Inputs to this model are obtained from the recorded registrations, examinations, treatments, controls, and discharges of patients at all or a selection of the entities. It turned out to be a formidable job to validate the raw data and make a transformation into a format suitable for analysing and visualizing the stocks (waiting lists) and flows (production) of secondary healthcare.
For data security and GDPR reasons, the processing of information involving patients and treatment of patients is performed by the hospital and stays within the hospital.
Patient flow balancer
The Patient flow balancer receives data containing no individual patient information from the metrics model described above. Filled with data, the Patient flow balancer is shared via Dynaplan’s cloud service for model sharing.
Any user within the health region who has been granted access to the shared Patient flow balancer can develop scenarios for managing the patient flow at any level of the organisation.
Under the hood, the Patient flow balancer implements an elaborate patient flow network, illustrated below:
Twelve states and near 150 transitions are prioritized by urgency (coloured boxes) and constrained by capacity.
The time horizon for the simulation can be freely set from a few weeks up to a full year. The simulation is performed with a time step of one day.
The simulation cockpit provides overviews as well as detailed views of the state and development of the patient flow. Any imbalances between supply and demand are visualized, alerting the user to bottlenecks and declining service level for the different patient groups.
Assumptions about the future are initialized from the base data. The user can make modifications to the assumptions by increasing or decreasing supply (capacity) and demand (registrations).
Policies for managing the patient flow involves measures like the following:
- Increase time between controls.
- Reduce number of controls per patient case.
- Forward registration to private healthcare providers.

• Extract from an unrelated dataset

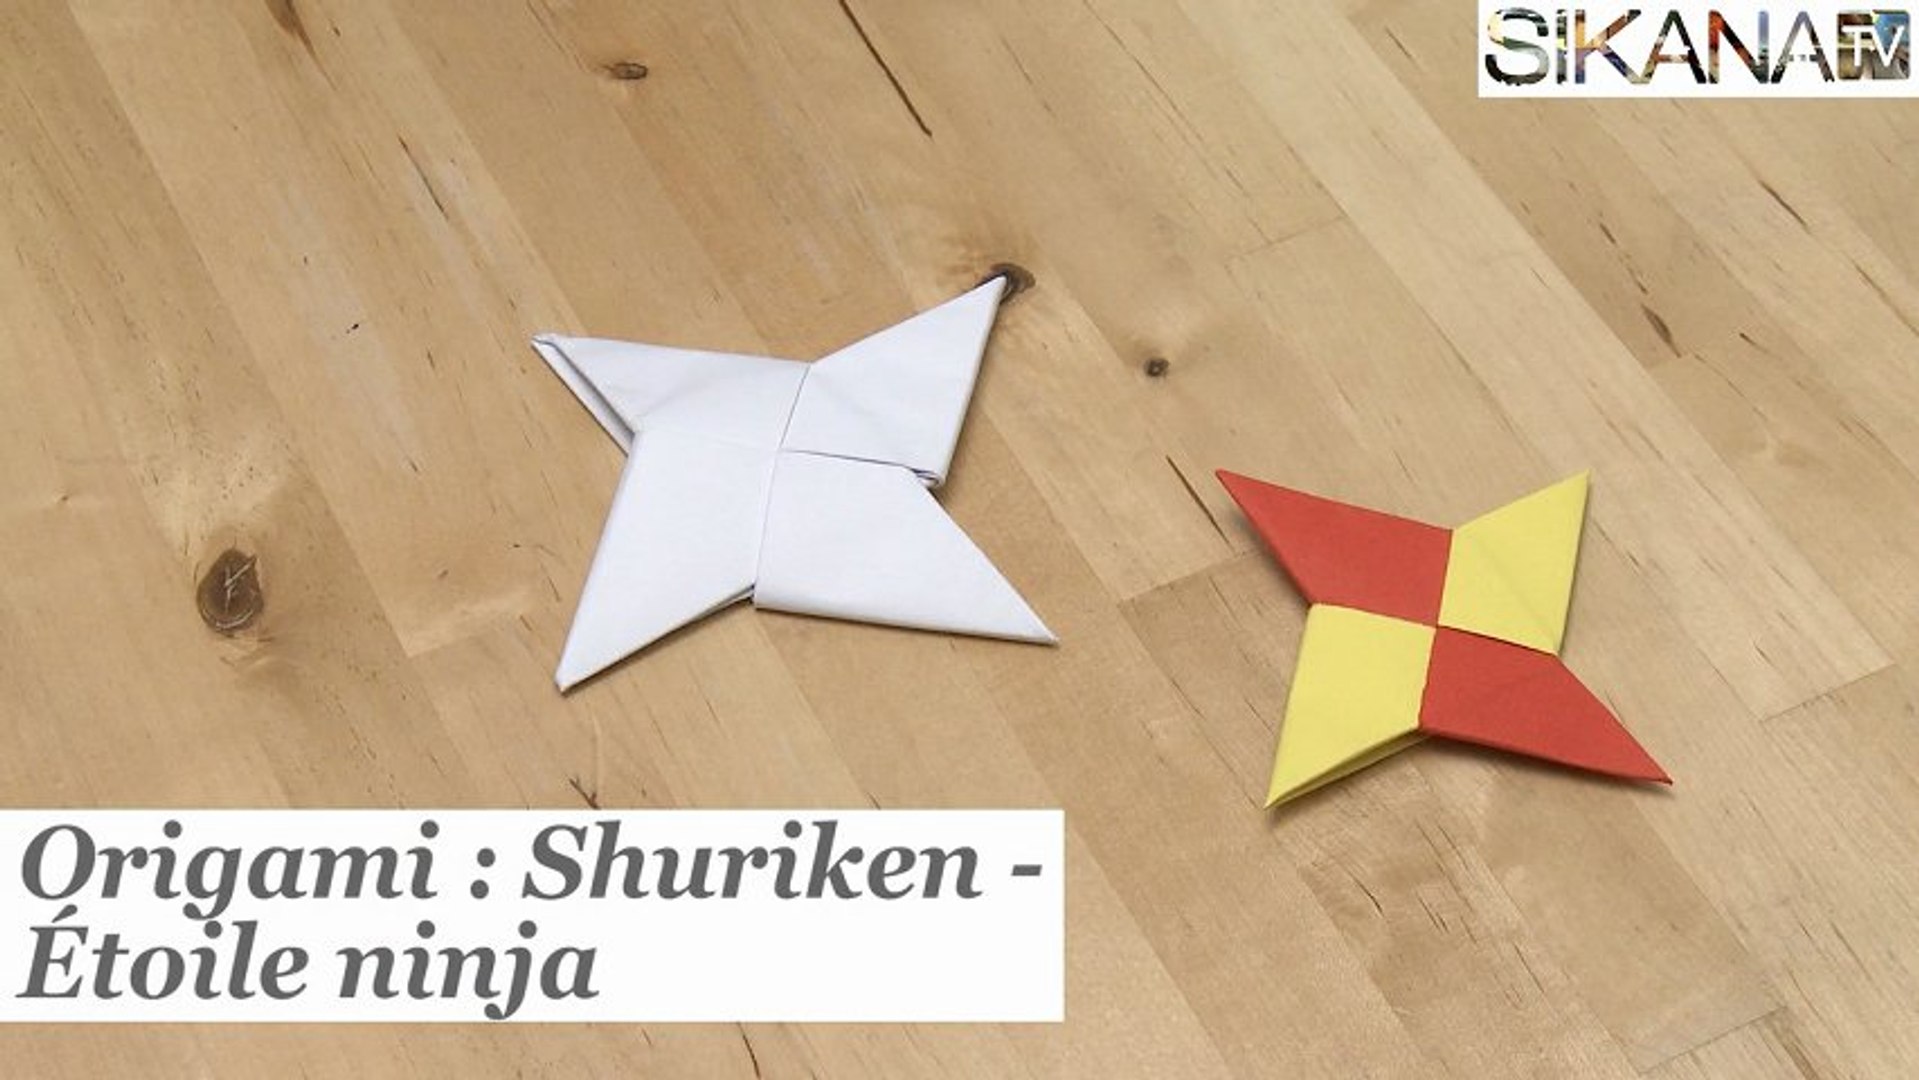 Origami : Comment faire une étoile ninja - shuriken en papier ? - HD -  Vidéo Dailymotion

At the time of writing (October 2020), the rollout of the Smia models is still in its pilot phase. Already the first runs provided insights – some quite counterintuitive. As an example, users expected that increasing the time between controls would reduce demand. Counter to intuition, there will be only a temporary drop in demand (not shown by the model) before demand returns to its original level. To get a lasting reduction in capacity needed for controls, the average number of controls per patient case must be lowered.
As another example, the team discovered that the hospital might be missing out on an opportunity to reduce waiting times for elective patients. Under COVID-19, referrals to the hospital has in general declined. If the hospital manages to run at full capacity, the overall net patient flow will become negative, i.e., the capacity will exceed demand and make it possible to reduce waiting times for elective patients. This opportunity seems not to be used at the moment, as the potential capacity is reduced by management as part of a policy to limit spread of COVID-19 among employees.
As we have discussed earlier in the waiting list project, bringing capacity above demand might not lead to a reduction in waiting times for healthcare. A change in waiting list management policies is called for.
Use of the solution for other hospitals
The models described here cover any number of different types of policlinics and wards. The models support arbitrarily complex organisational structures.
When adapting the solution to other hospitals, queries for obtaining patient data from the local system must be created. Apart from that, customisation is mainly done via parameters and metadata (such as organisational hierarchy).